We've got a "buttload" of wheelsets with Formula hubs laced to Velocity Deep V's. When I get in the shop tomorrow I'll measure the spokes and let you know.


----------



## UrbanPrimitive (Jun 14, 2009)

I could be wrong, but I think the typical chainline for Velocity hubs is 42, not 45. You may have to set your hub off center and do a little funny dishing to the wheel to get it to mate up to your cranks. That said, if you already have the cranks you may want to try eye-balling them to see if they'll clear your chainstays. You might be fine, but you might not be. If you don't have the cranks you can still take some measurements off the frame to figure it out. You would need to know is the radius of the chainring. Measure that straight back along the chainstay from the center of the bottom bracket shell. Mark the chainstay with some chalk or a bit of masking tape. Repeat on opposite side. Then check the outside to outside measurement of the chainstays at that point. Divide by 2. If that number is larger than your chainline measurement, you're going to have trouble.

Chainline = A
Chainstay Outside to Outside = B

(B/2) < A = party on
(B/2) > A = danger Will Robinson


----------



## tallnotsmall (May 21, 2009)

I'm not sure if you mis-typed or read something wrong but I'm using formula hubs and velocity rims


----------



## UrbanPrimitive (Jun 14, 2009)

That would be me switching the brands in my head. The numbers are correct, the brand name is not. Formula flip/flop hubs typically have a chainline of 42.


----------



## tallnotsmall (May 21, 2009)

Oh ok is a 3mm difference detrimental?


----------



## David Loving (Jun 13, 2008)

no, imo - if you use a phil wood bb it will adjust side to side that much if it's a problem.

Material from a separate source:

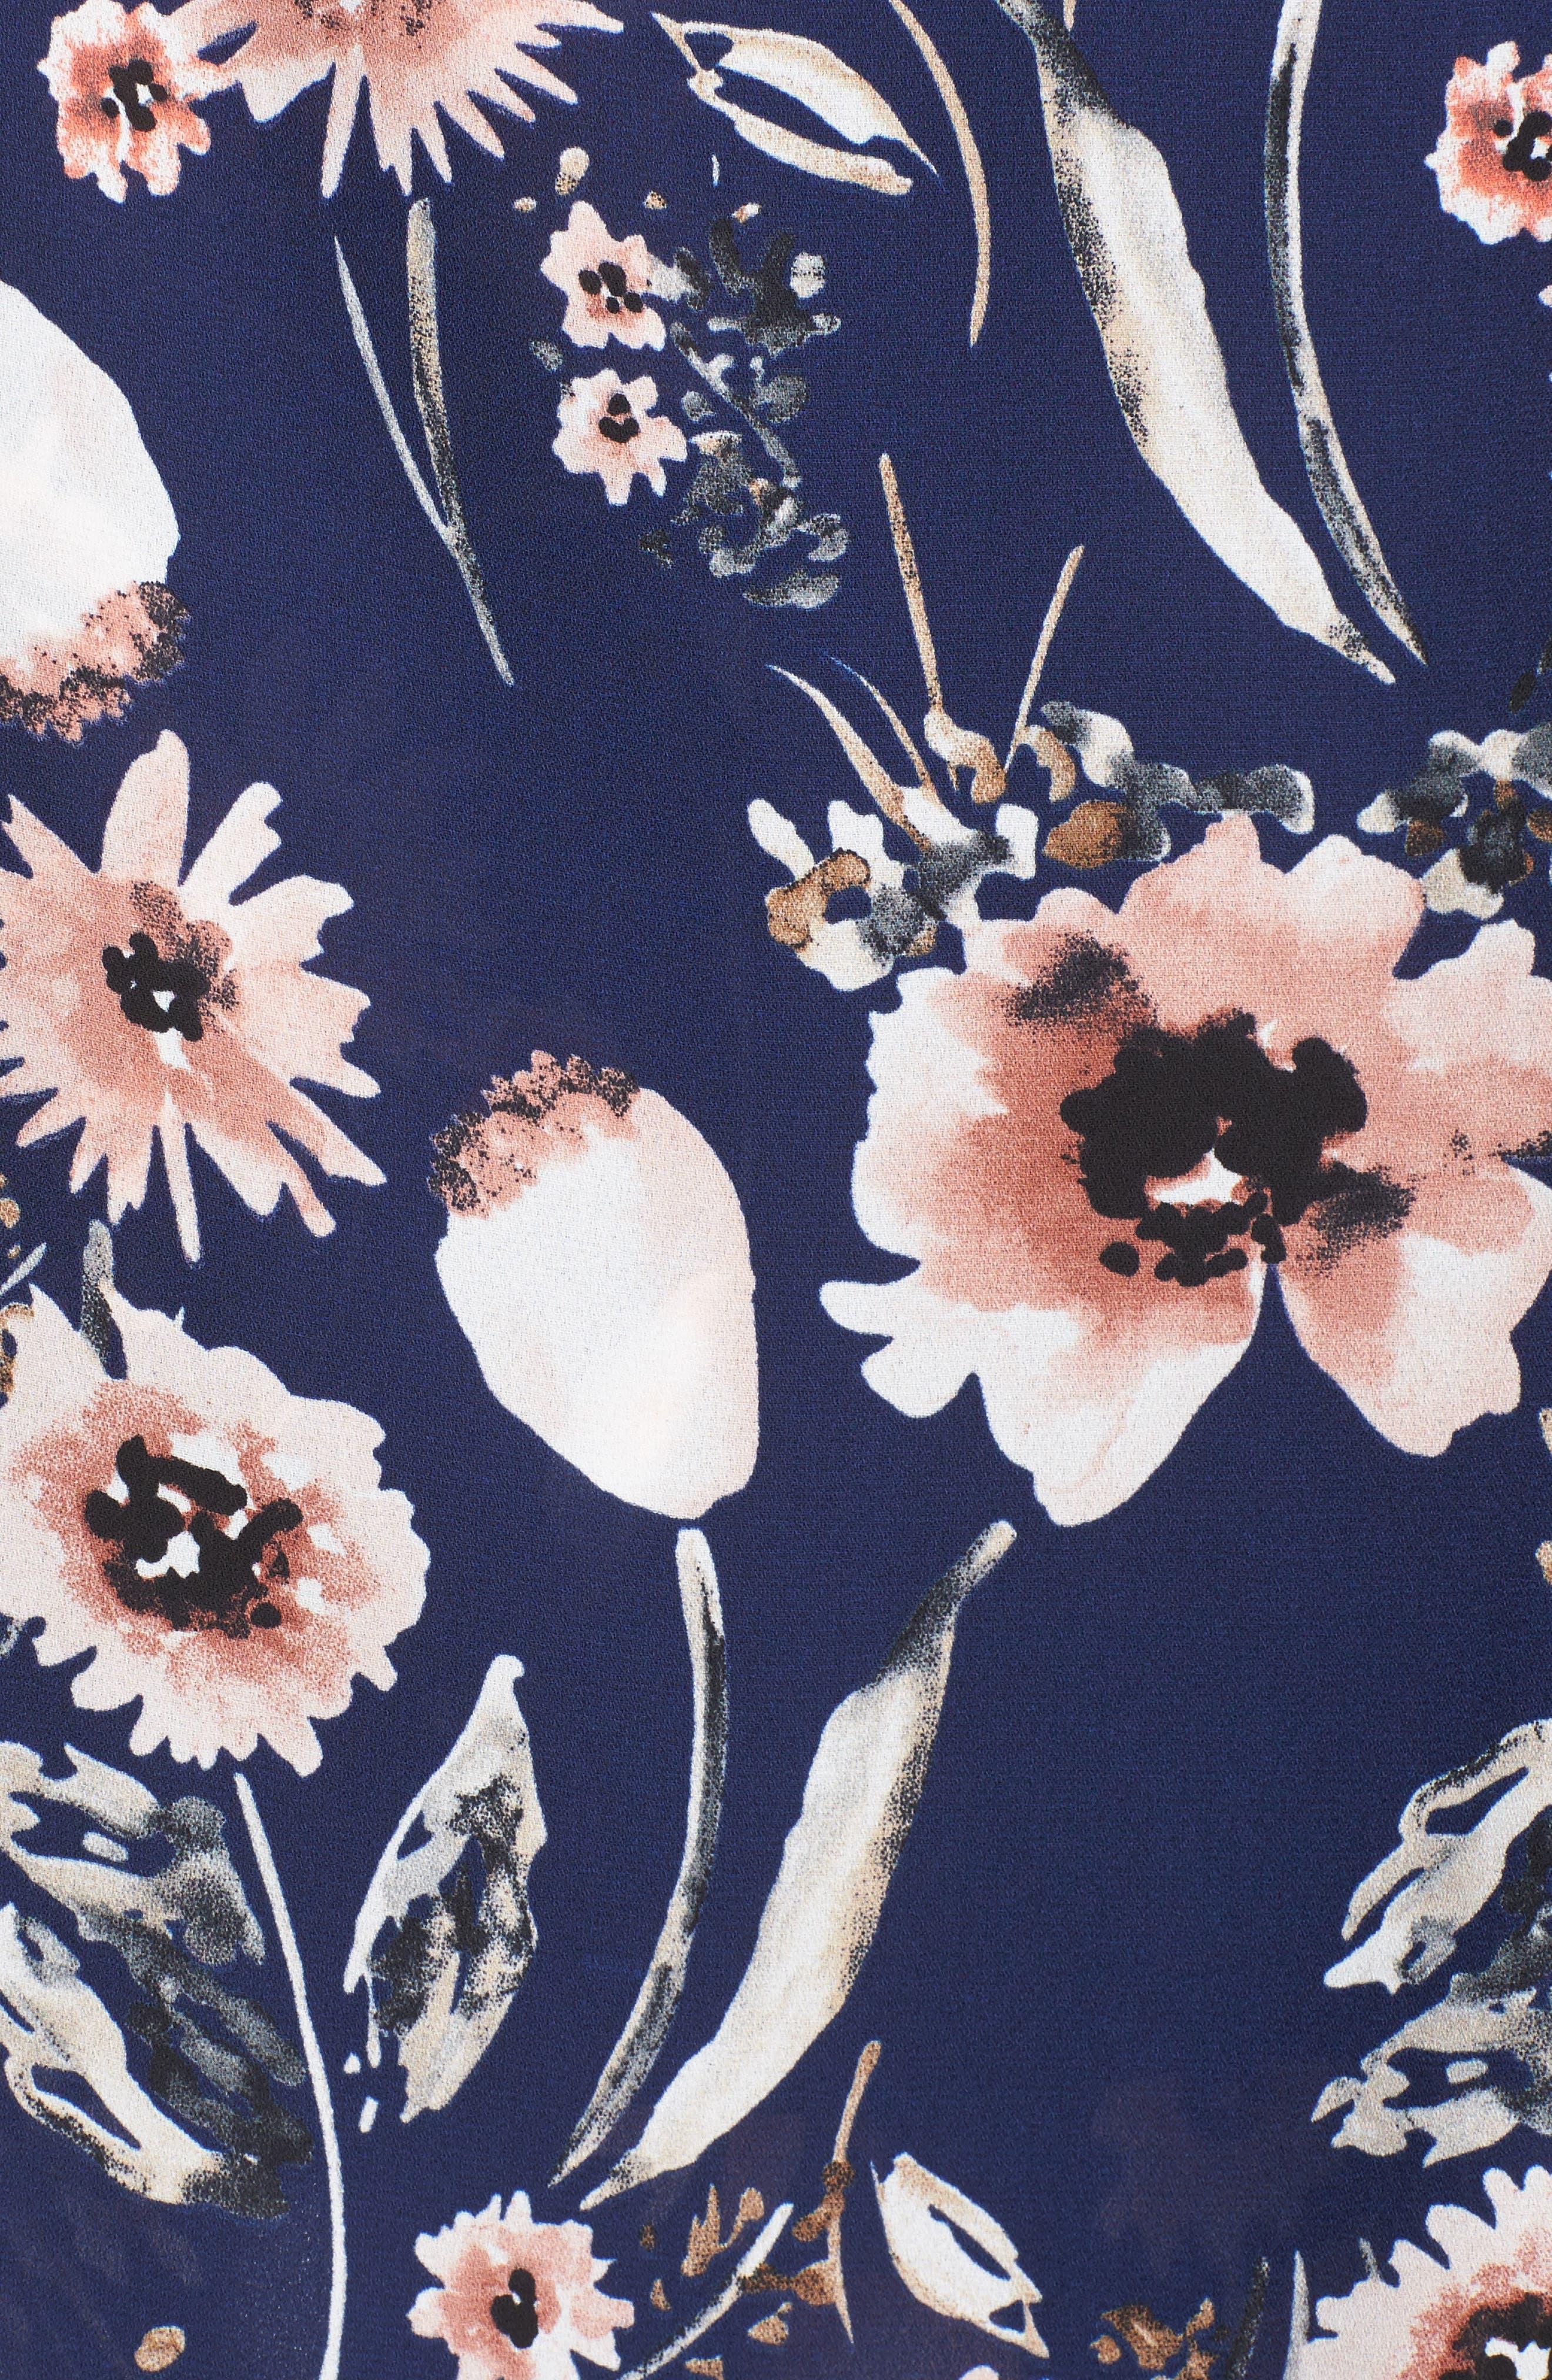 Wide Leg Pants,                             Alternate thumbnail 5, color,                             Navy Medieval Multi Floral

I am using formula hubs (130mm) with a sugino RD crank and it's just fine.


----------



## tallnotsmall (May 21, 2009)

ok thanks


----------



## tallnotsmall (May 21, 2009)

hey Richard did you measure those spokes?


----------



## tallnotsmall (May 21, 2009)

hey everyone its been awhile, but I finally scraped together the money and the last parts have been ordered pics should be up in the next couple weeks


----------



## UrbanPrimitive (Jun 14, 2009)

Looking forward to those pics.


----------



## tallnotsmall (May 21, 2009)

so my bb is currently in transit and I'm wondering, do I need to bring my bike to the lbs to have them install it or can I just screw it in?


----------



## blakcloud (Apr 13, 2006)

If it is the Phil Wood bottom bracket, you need their bottom bracket tool like this one.
http://www.philwood.com/products/tools/bbtool.php

Here is the link to the instructions.
http://www.philwood.com/philpdfs/crankbearinginstallationguide.pdf


if you want to do it yourself you will have to order the bottom bracket tool.


----------



## tallnotsmall (May 21, 2009)

its the velo orange italian threaded. it says the shimano installation tool so i guess i cant just go at it with my hands. my latest order of parts came in i should have some pics to put up soon


----------



## tallnotsmall (May 21, 2009)

Update: I did a bunch of work today brakes installed, cables cut, I wrestled the bb in with my hands and some needle nose pliers, cranks installed, front wheel installed.
Best part is the frame does not fit 28s like I was told so I have about an eighth of a millimeter of clearance on either side of the tire and its currently rubbing a lot


----------